# Anyone know a User Friendly Mortgage Calculator



## Raging Bull (27 Nov 2013)

Would anyone know a nice calculator link on the web?

 I need to compare costs of a 5 year tracker mortgage vs another variable and its not easy without collecting huge amount of data points

 Thanks


----------



## PadKiss (27 Nov 2013)

The best on line is the myhome calculator just google mortgage calculator and u will find it Padraic


----------



## Brendan Burgess (28 Nov 2013)

Raging Bull said:


> I need to compare costs of a 5 year tracker mortgage vs another variable and its not easy without collecting huge amount of data points
> 
> Thanks



Hi Raging Bull

I suspect that you are approaching this problem the wrong way. 

If you want to compare two different mortgage products, you need to look at the annual interest cost only. If you are doing something more complicated, you are probably ignoring the time value of money. 

I use http://www.loanclc.com/  which is the simplest and is suitable for most purposes.  I use http://www.drcalculator.com/mortgage/  when I need to know what the balance outstanding after, say, 5 years, is.

If you want to specify the problem in a bit more detail, I will suggest how you would approach an answer to it.


----------



## Raging Bull (28 Nov 2013)

Thanks for these. 

 Im doing a painful exercise trying to work it the extra interest made for not being on a tracker. The spread between tracker and variable is cerca 3% so I reckon last year it cost me 9k for not being on the tracker....final number will be ugly


----------



## Brendan Burgess (28 Nov 2013)

Are you making an actual claim for a refund? If so, the process would be quite different. 

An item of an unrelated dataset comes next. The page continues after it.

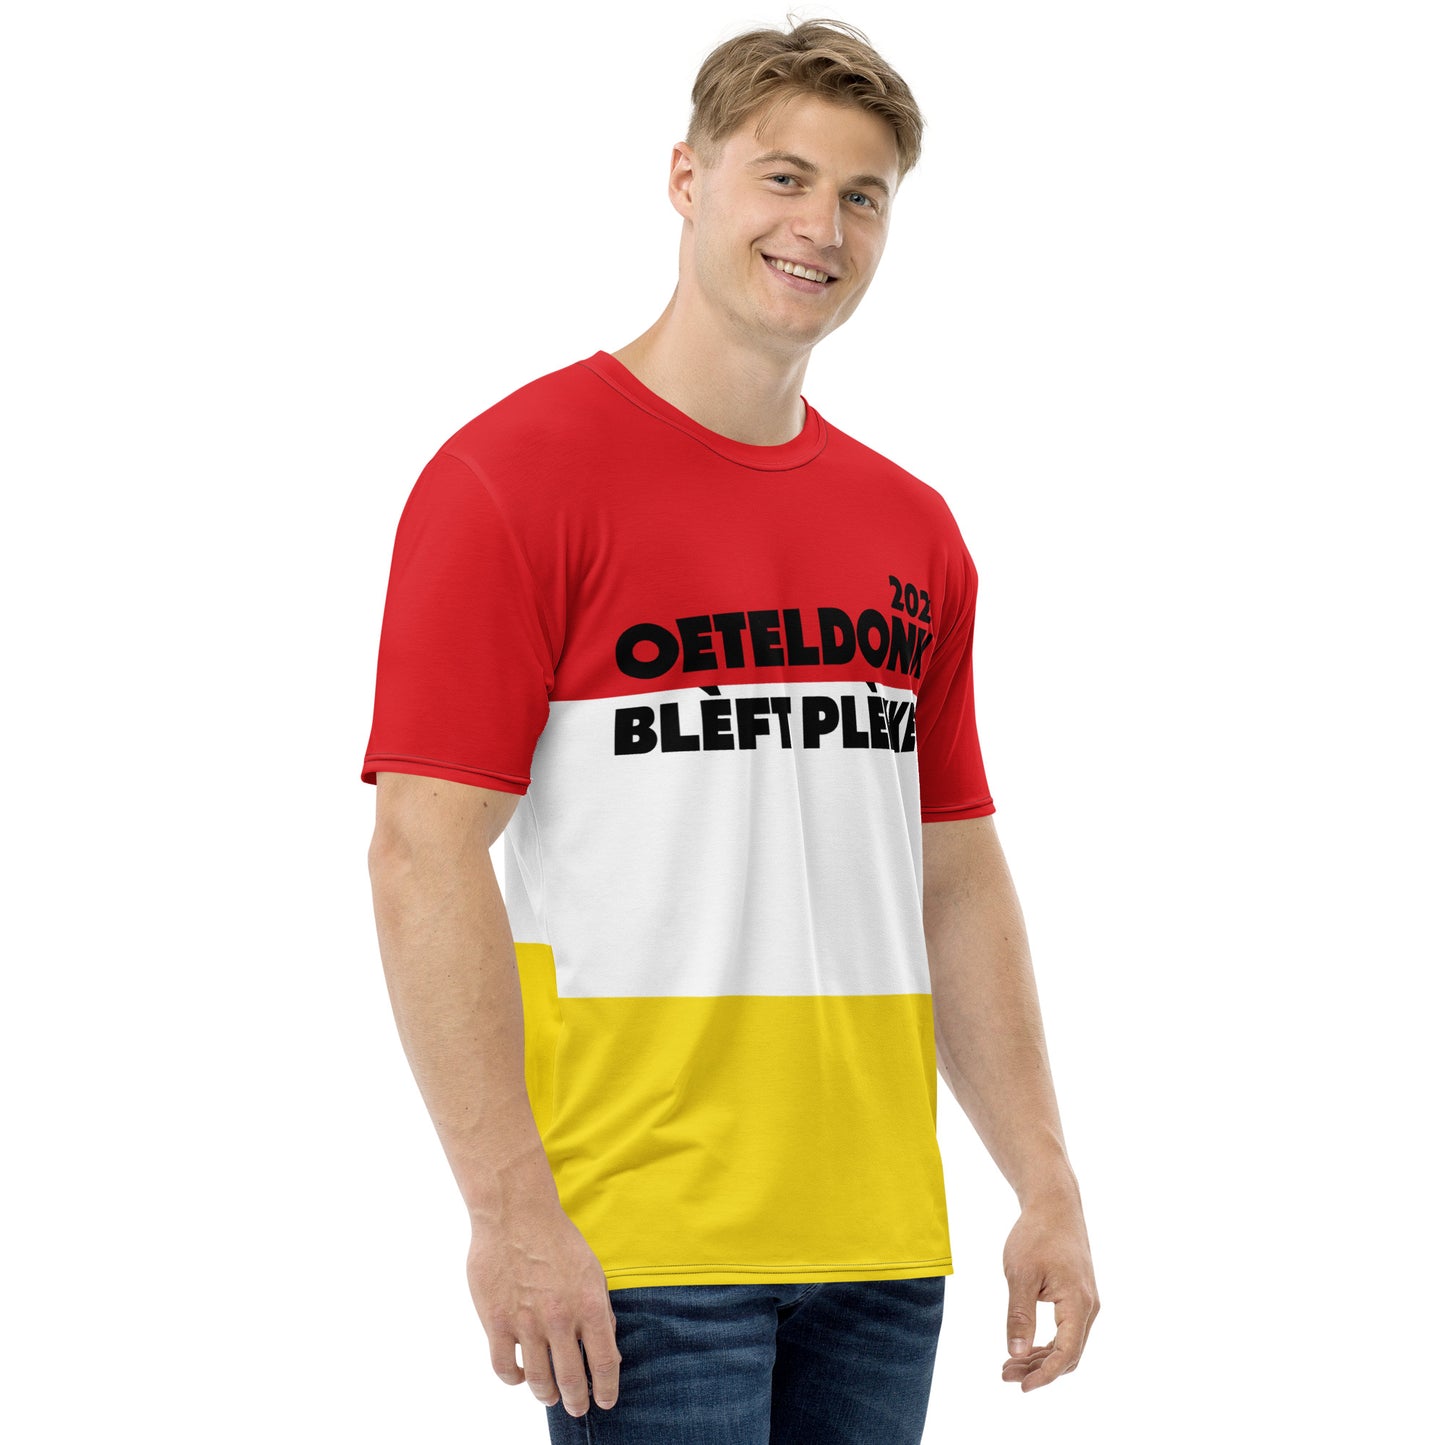 Oeteldonk Blèft Plèkke 2024 T-shirt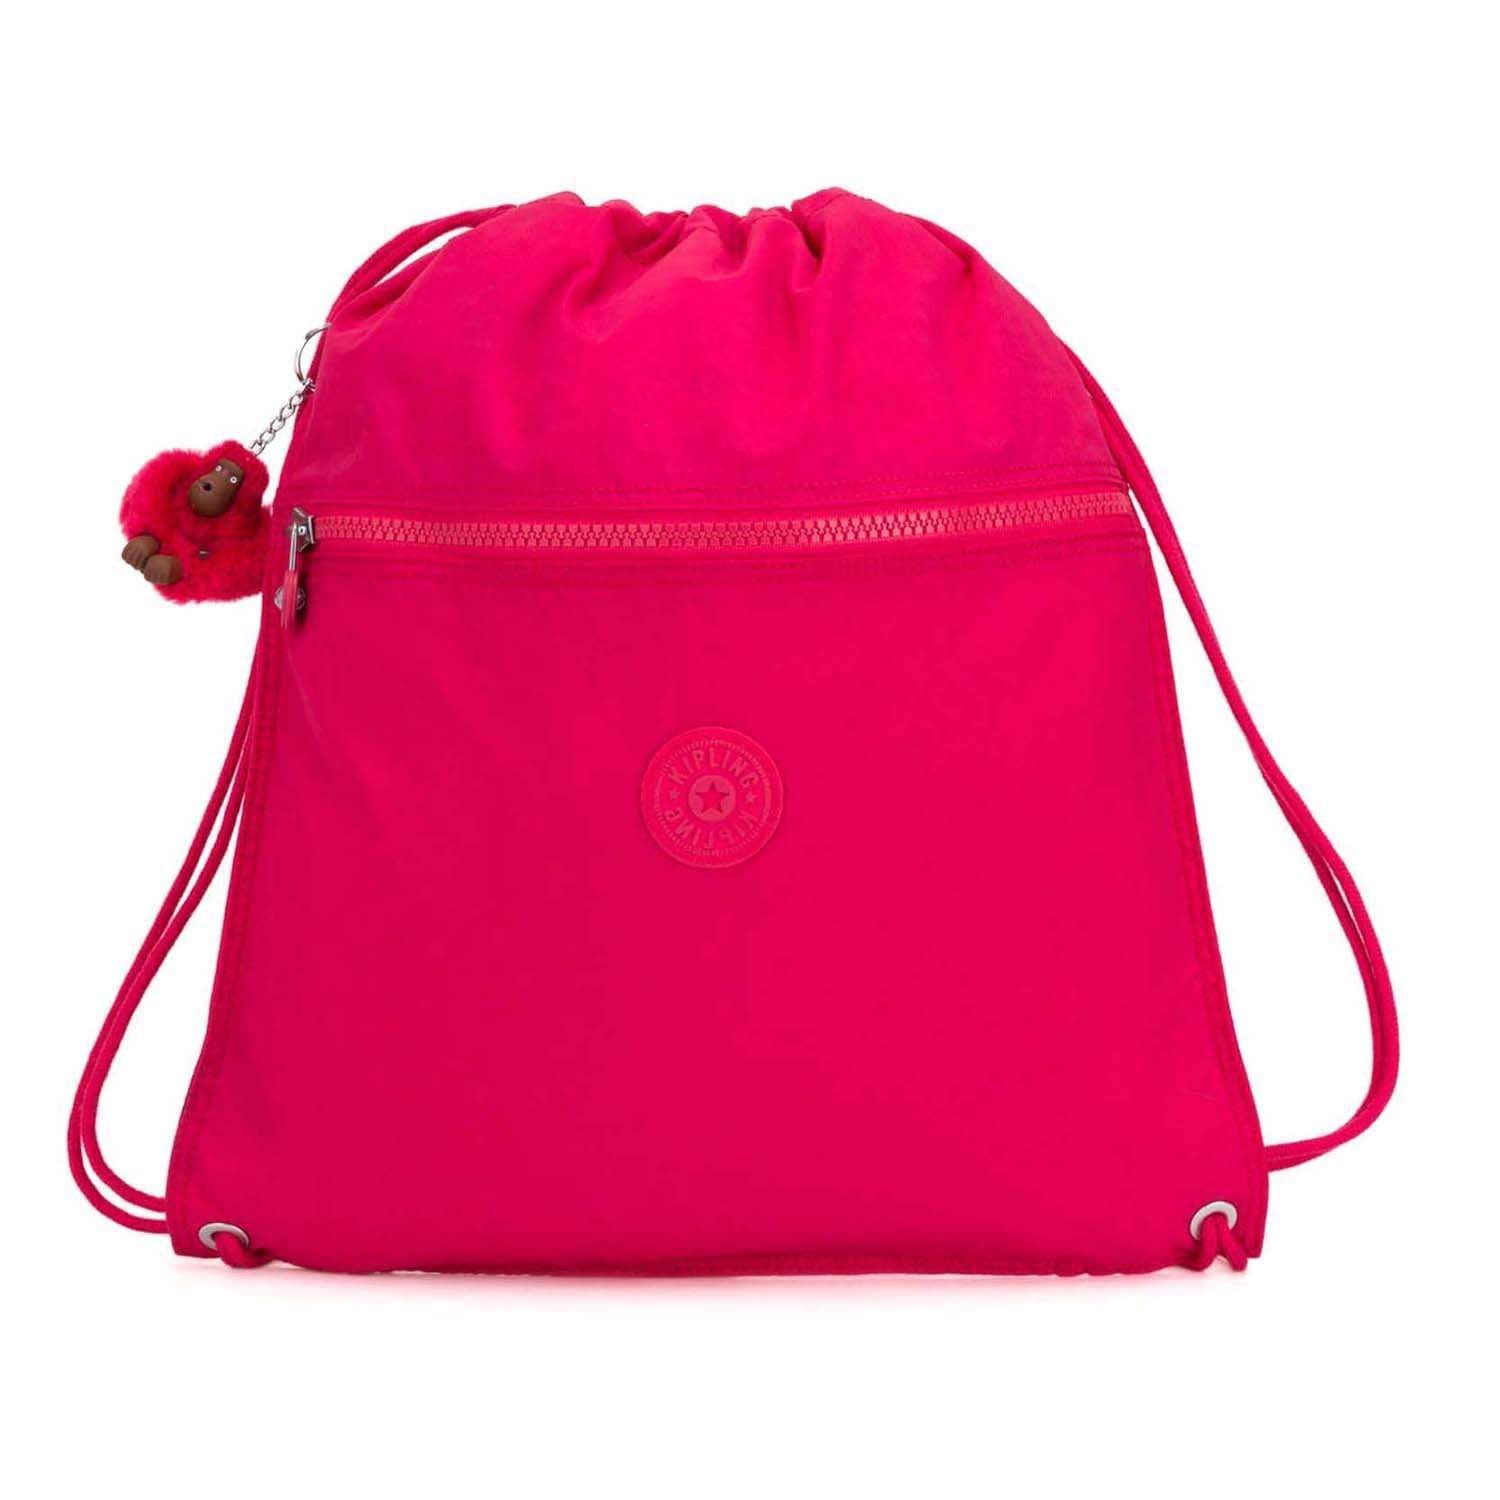 Kipling Supertaboo Drawstring Bag - True Pink - 09487-09F - Jashanmal Home

Working out the additional cost of not being on a tracker into the future is a bit more difficult.  You should work out the Net Present Value. I suggest the following. 

For example, the repayments on €100,000 @ 1.5% over 20 years are €482 per month. 
The repayments on €76,000 @ 1.5% over 20 years are also, €482 per month. 

So the cost in today's money is around €24,000. 

It's a bit more complicated that that, but you are only making an estimate and that would be the rough ball park. 

Brendan


----------



## Raging Bull (28 Nov 2013)

I'm trying to negotiate a solution through MARP. Basically wasn't given a tracker when I asked for it. I reckon over last few years its cost me 40k in extra interest. Precision is not easy as balance is moving also.

 I would be looking to get reinstated to tracker as part of solution but to predict the future regarding rates spread over remainder of contract will be impossible. 

 NPV is a good idea though. Thanks


----------



## Joe_90 (28 Nov 2013)

Raging Bull said:


> IBasically wasn't given a tracker when I asked for it.



Not an easy exercise.

What do you mean wasn't given a tracker?  If you signed for a variable mortgage is there an argument to say they did not give you what you asked for. 

I'm asking not telling.


----------